I just don’t think this is talked about enough by those of us who recommend things to people who are younger than we are. How much are we just forcing our tastes and beliefs, whether those beliefs are that public funds should not be spent on So Hard To Say (which is adorable, incidentally), that the Gossip Girls are the sole reason teen girls are obsessed with appearances and brandnames, that smart kids will love the latest Printz winner because it’s literary, or that anyone who doesn’t think Douglas Adams is funny has no soul? I don’t like Sarah Dessen, but I still buy her books.
Does every book librarians, teachers, and other adults love have a Catcher Cult**? How do we avoid the cultishness of our favorite books, anyway?
--Or maybe I'm just cranky because the parents that gave up rules when they started living like freaky beatniks are here "parenting" their son, who is screaming.

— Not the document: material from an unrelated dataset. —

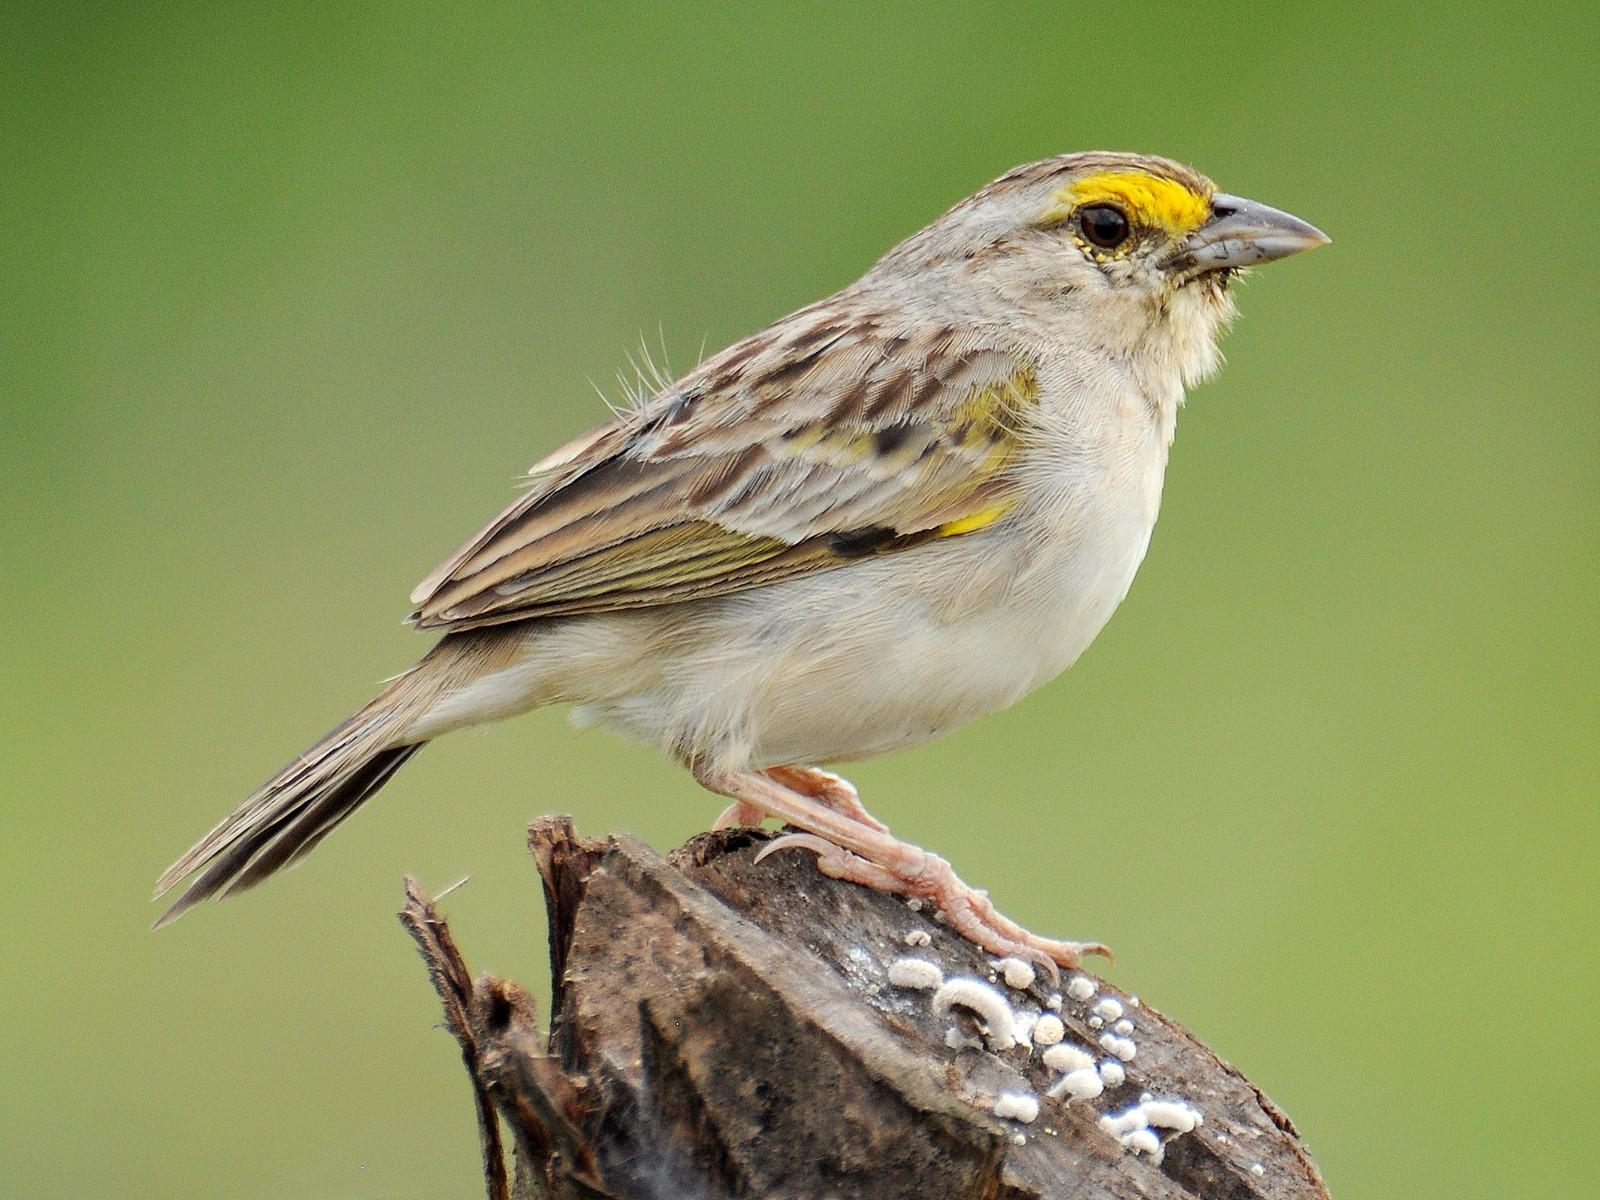 Yellow-browed Sparrow - Diana Flora Padron Novoa

Why are high ceilings so valued in libraries, again?--

*Which really is probably your gut reaction, too. If you're offended by the idea that gay teens deserve everything straight teens take for granted, than what on earth do you see of value in anything I have to say?...Or, I heart preaching to the choir.
**Dude, read King Dork. Reading it doesn’t mean you’re smart or cool or whatever, but, if you think I’m worth reading, you’ll probably be a fan. Unless you aren’t. And that’s cool, too—just c’mon back and I’ll recommend something else you should read.

3 comments:

Tiff said...

sing it sister...

i hate when certain people i work with apply their "values" to things we have to catalog, referring to things as trash, when they don't even listen to music or watch movies or read non-mystery paperbacks...

Anonymous said...

You don't know me, but I read your blog regularly. This entry reminded me of a conversation in my Literature For the Adolescent course in college in 2000. We were discussing Weetzie Bat, and I mentioned that we used to recommend this constantly when I was a library volunteer. A school librarian across the room was appalled and gave me a tongue-lashing about the terrible messages the book sent to kids (her problem seemed to be Dirk and Duck, particularly the scene where they share a bed with Weetzie) and how this book should be kept away from them. The English teacher next to her burst out, "If I had known there were books like this about families like mine, I wouldn't have tried to kill myself as a teenager!"
That's what I think of when I hear people talk about excluding gay/lesbian YA literature. I'd like to see that guy tour the country and lecture to educators and school librarians.

PoBaL said...

And that's what I love about the new-ish wave of gayteenlit: there's something for everybody.
Because as much love as I have for Weetzie and her family, I know those stories (and the style they're told in) aren't for everybody.
I'm actually really selective who I recommend FLB to, mostly because it breaks my heart a little everytime someone admits to not being a fan ;)
Which is what I'm really trying to say, I guess. Even though we're in the business of advising readers, we need to keep in mind that our personal loves don't necessarily translate into universal loves. And that's okay.